YOUR INSTRUCTIONS
Print the data exactly. Omit the pictures.

------ DATASET SECTION

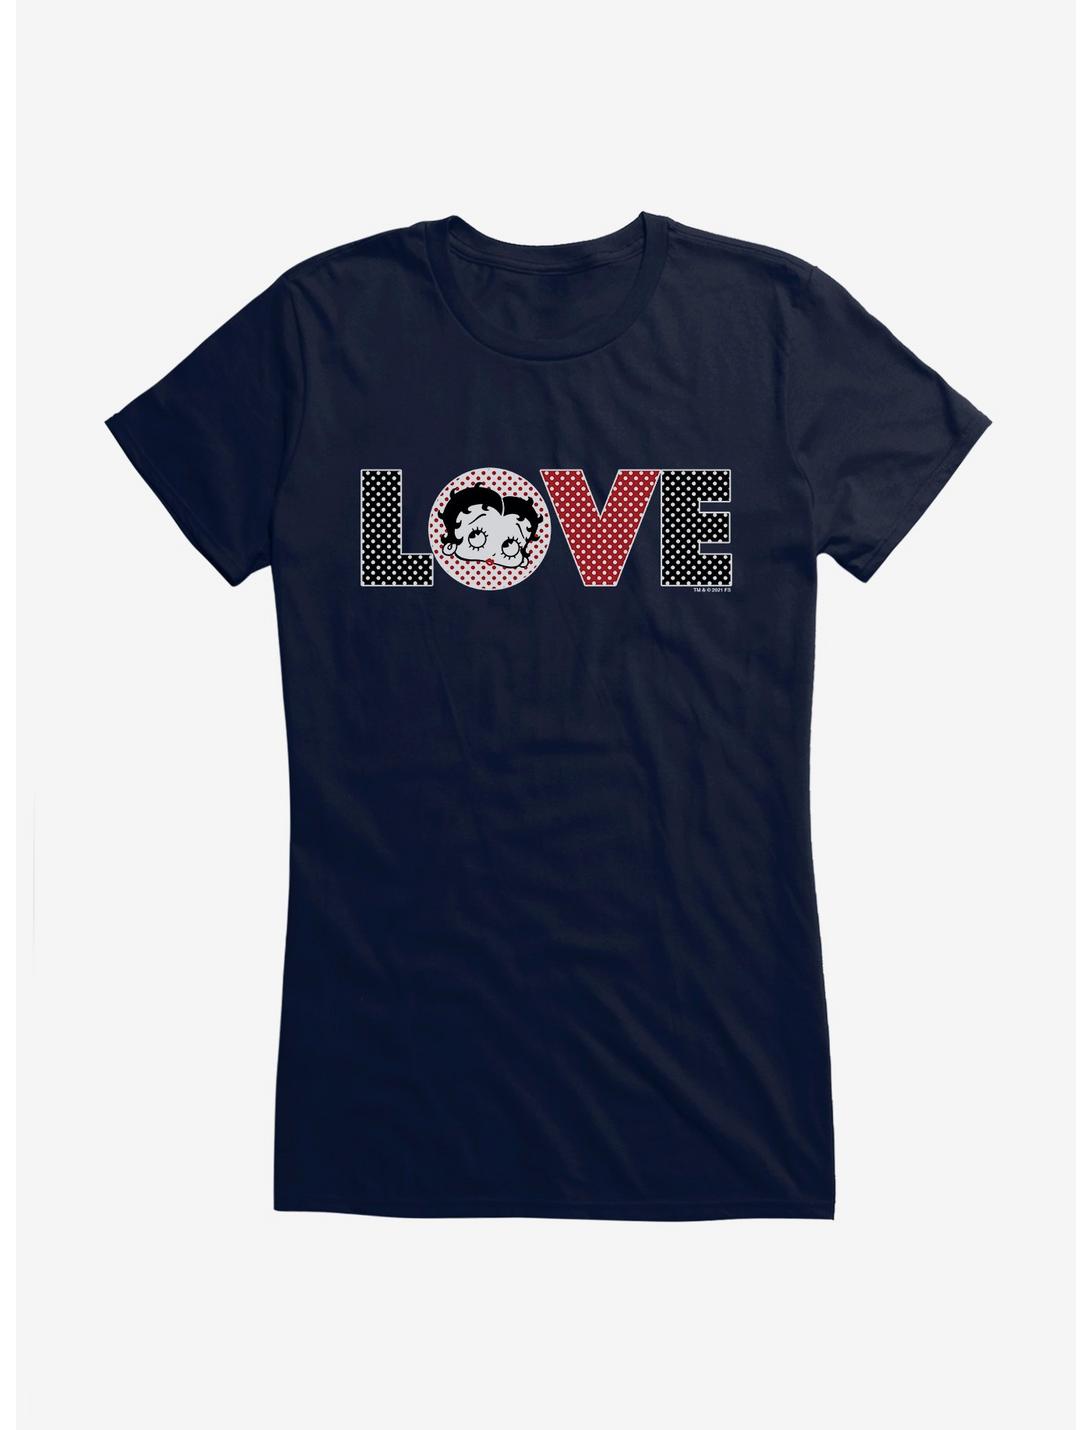 Betty Boop Polka Dot Love Girls T-Shirt, , hi-res
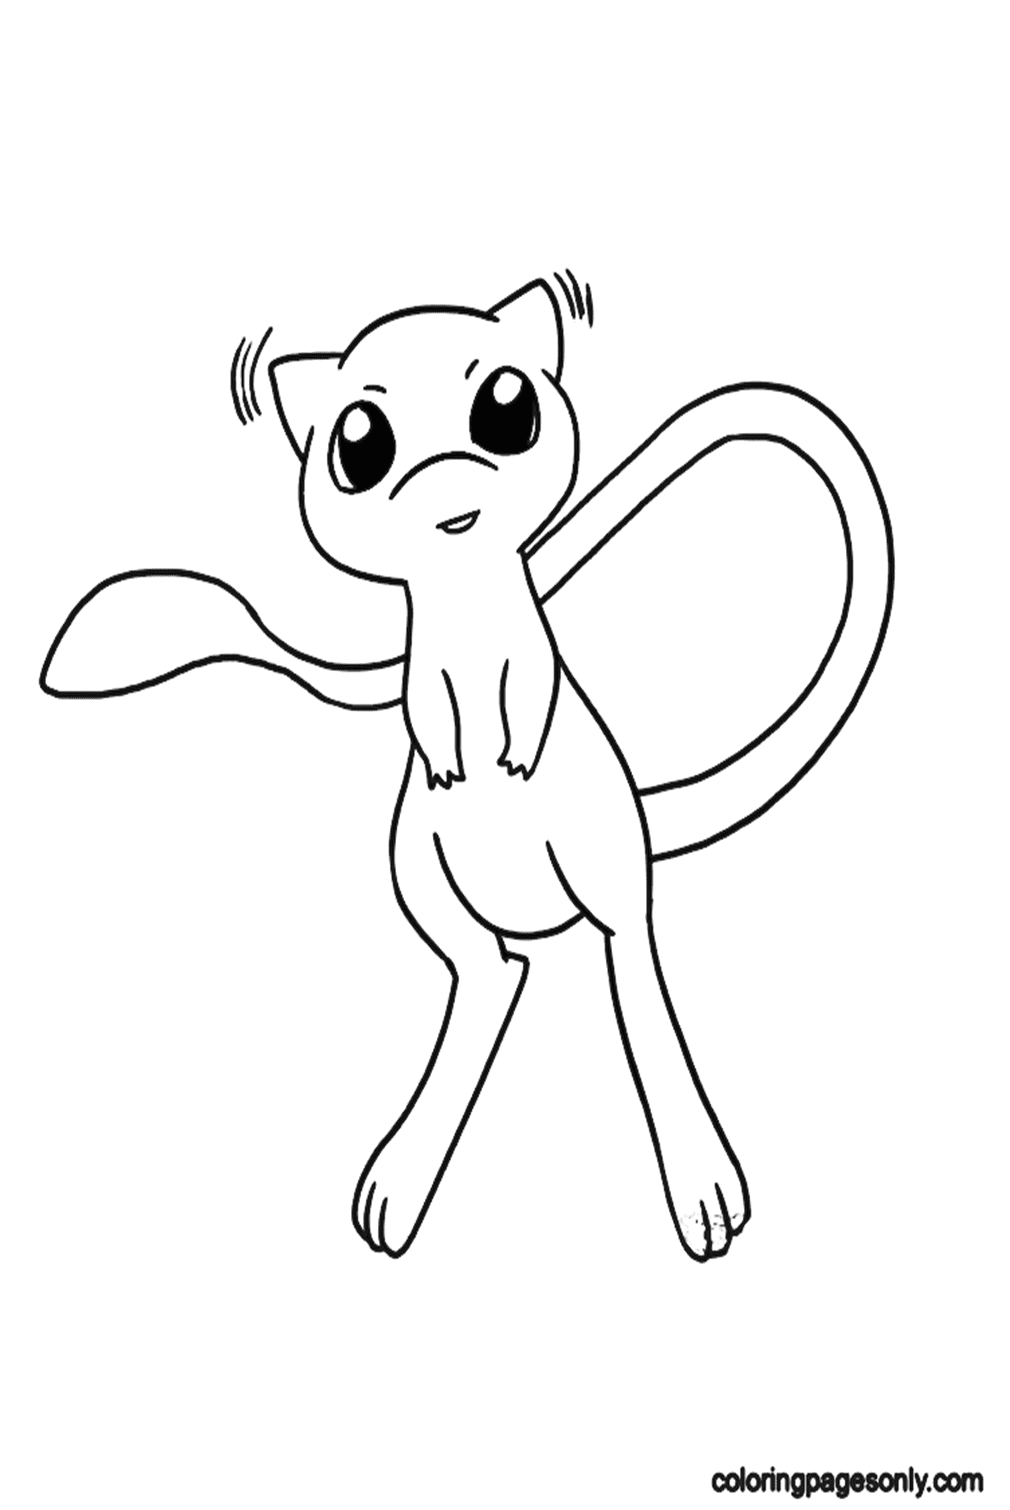 Cute Pokemon Mew from Mew
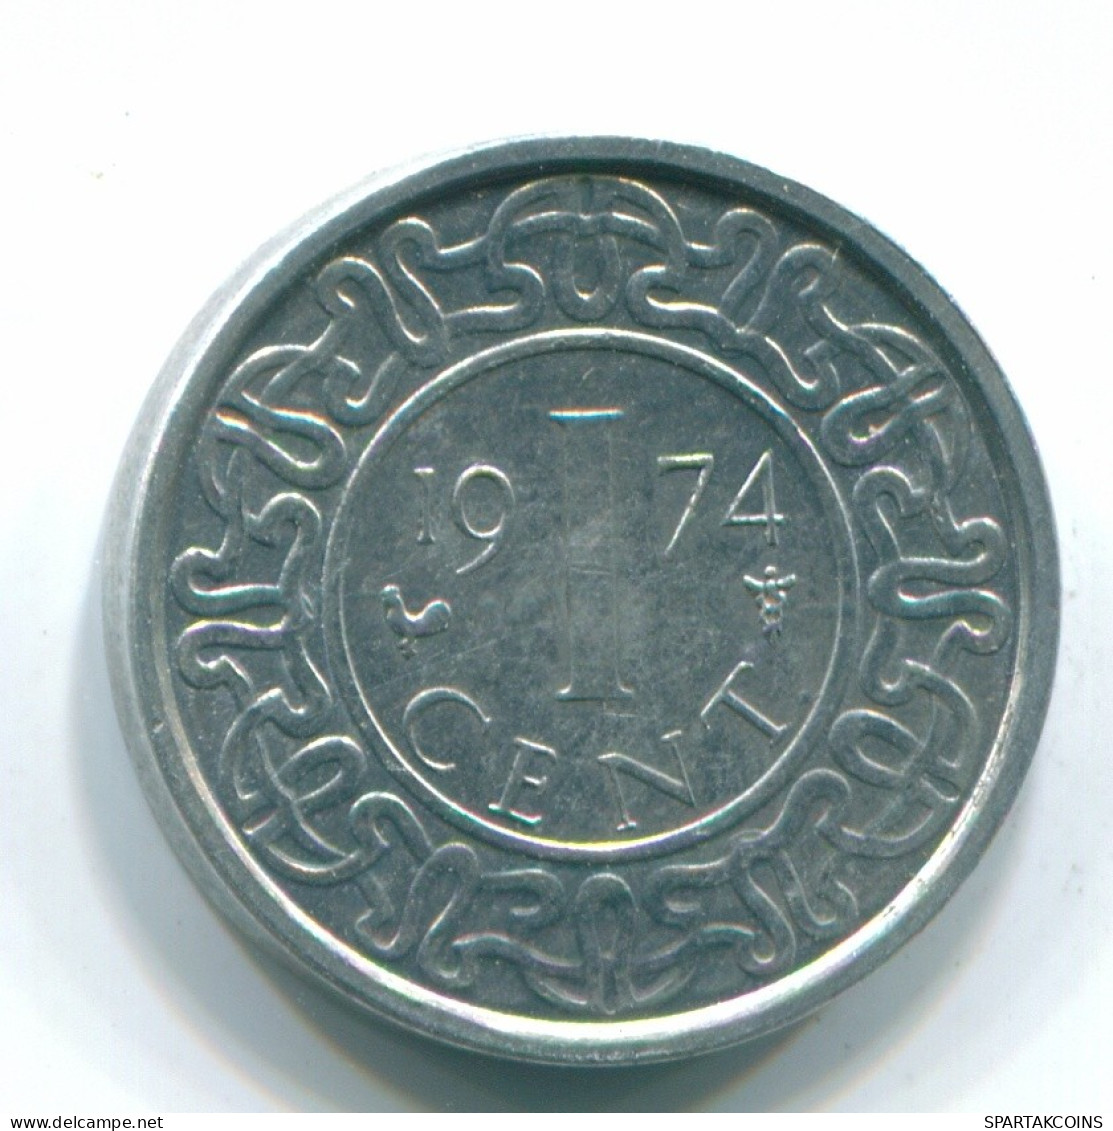 1 CENT 1974 SURINAME NEERLANDÉS NETHERLANDS Aluminium Colonial Moneda #S11384.E.A - Suriname 1975 - ...

------------

REPLY
 Betty Boop Polka Dot Love Girls T-Shirt, , hi-res
 Cute Pokemon Mew from Mew
 1 CENT 1974 SURINAME NEERLANDÉS NETHERLANDS Aluminium Colonial Moneda #S11384.E.A - Suriname 1975 - ...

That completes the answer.